2. eqx.partition and eqx.combine

Used to separate a PyTree into parts based on a filter function. This is critical for functions like jax.jit or jax.grad which require all inputs to be JAX arrays (unless marked as static).

# Partition into JAX-compatible arrays and "static" metadata (strings, bools, etc.)
arrays, static = eqx.partition(model, eqx.is_array)

# Now 'arrays' can be safely passed into JAX transformations
# 'static' is usually handled by closures or marked as static in JIT

# Reconstruct the original model structure
model = eqx.combine(arrays, static)

3. eqx.tree_serialise_leaves and eqx.tree_deserialise_leaves

The standard way to save and load Equinox models.
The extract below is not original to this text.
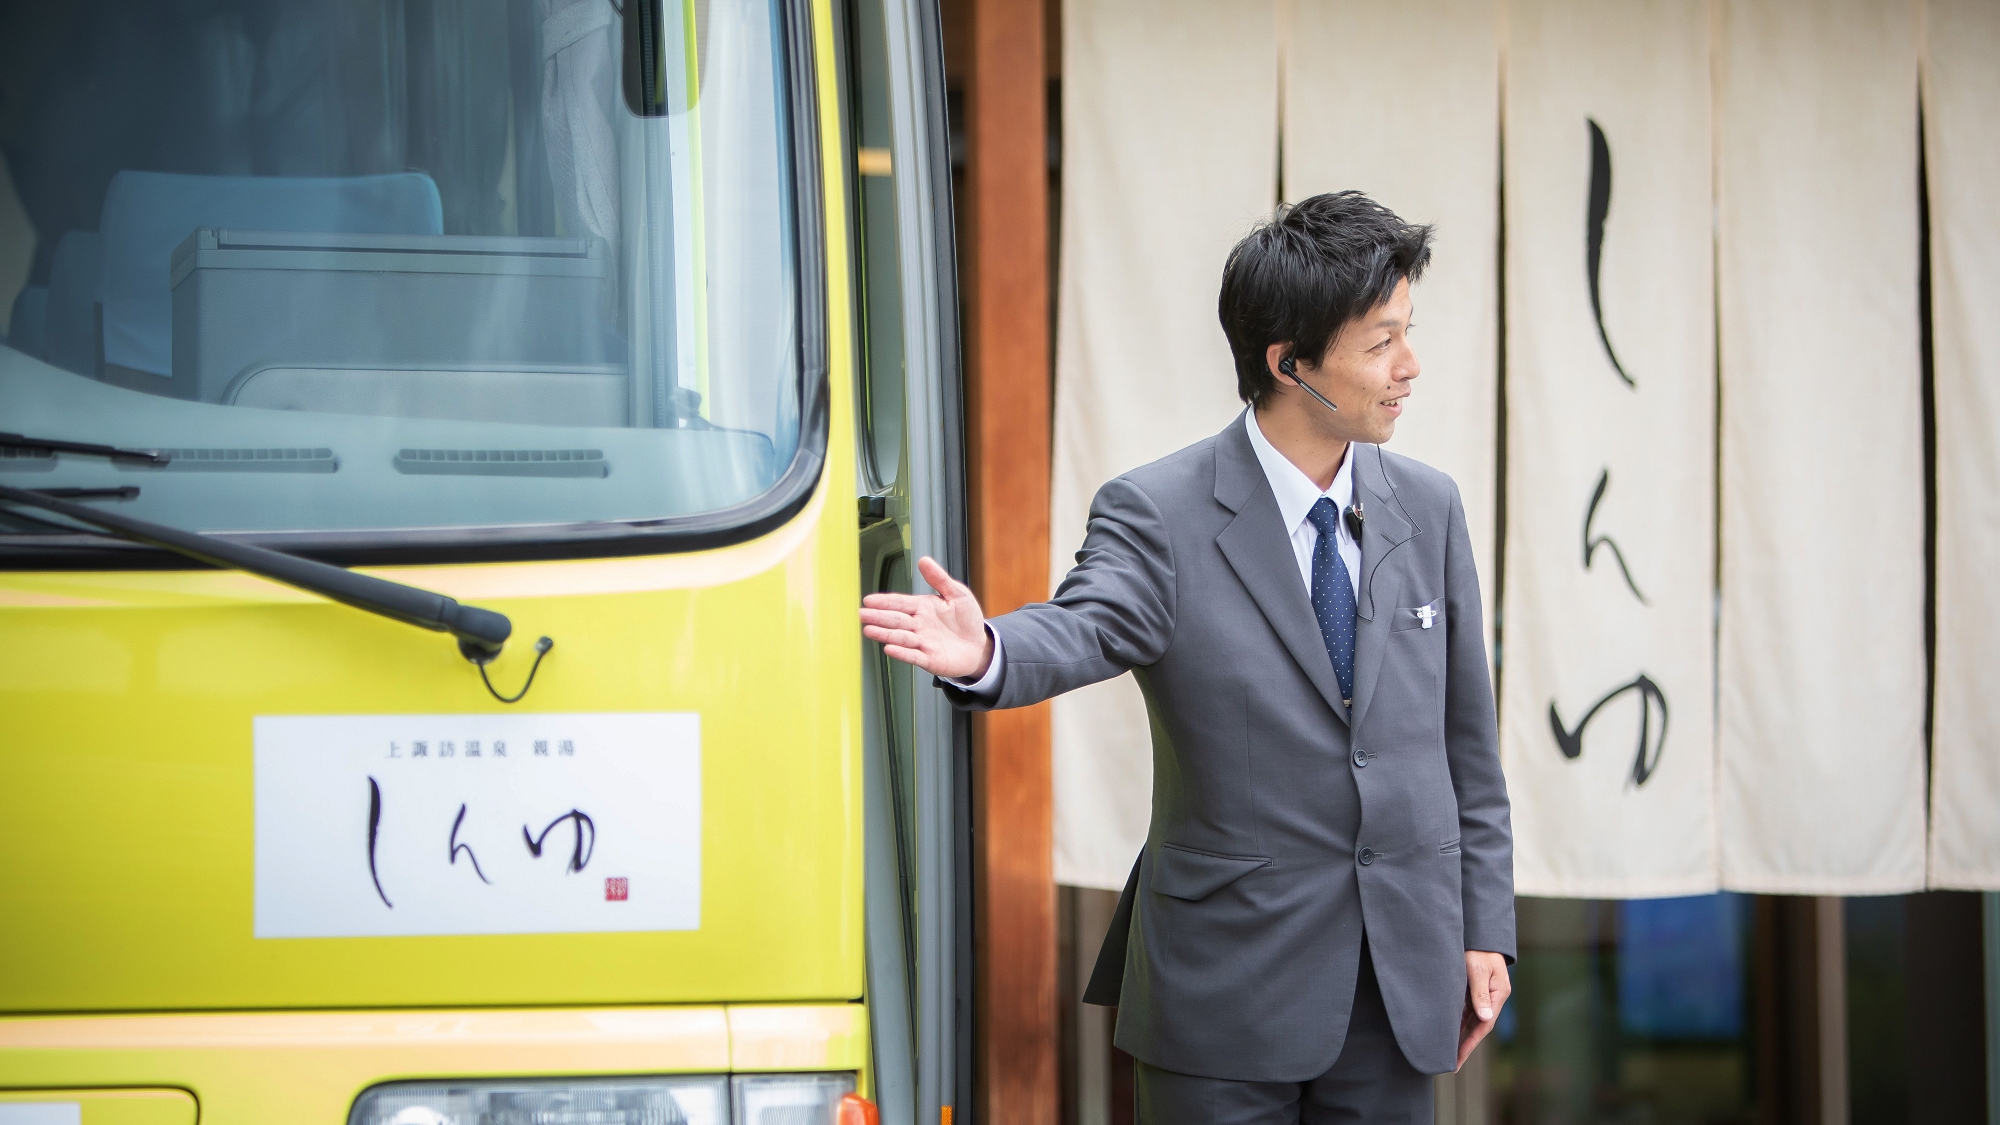 【無料参拝バス】諏訪大社四社巡りバスはこちらです。

It uses safetensors under the hood if available, or numpy.

# Save model to disk
eqx.tree_serialise_leaves("model.eqx", model)

# Load from disk
# Requires a 'template' model that has the exact same structure as the saved one.
model = eqx.tree_deserialise_leaves("model.eqx", model)

4. Filtering Utilities

Equinox provides predicates to help with partitioning and mapping.

Predicate Description
eqx.is_array Matches any JAX array or scalar.
eqx.is_inexact_array Matches floating point JAX arrays (useful for trainable params).
eqx.is_array_like Matches arrays or things that can be converted to arrays.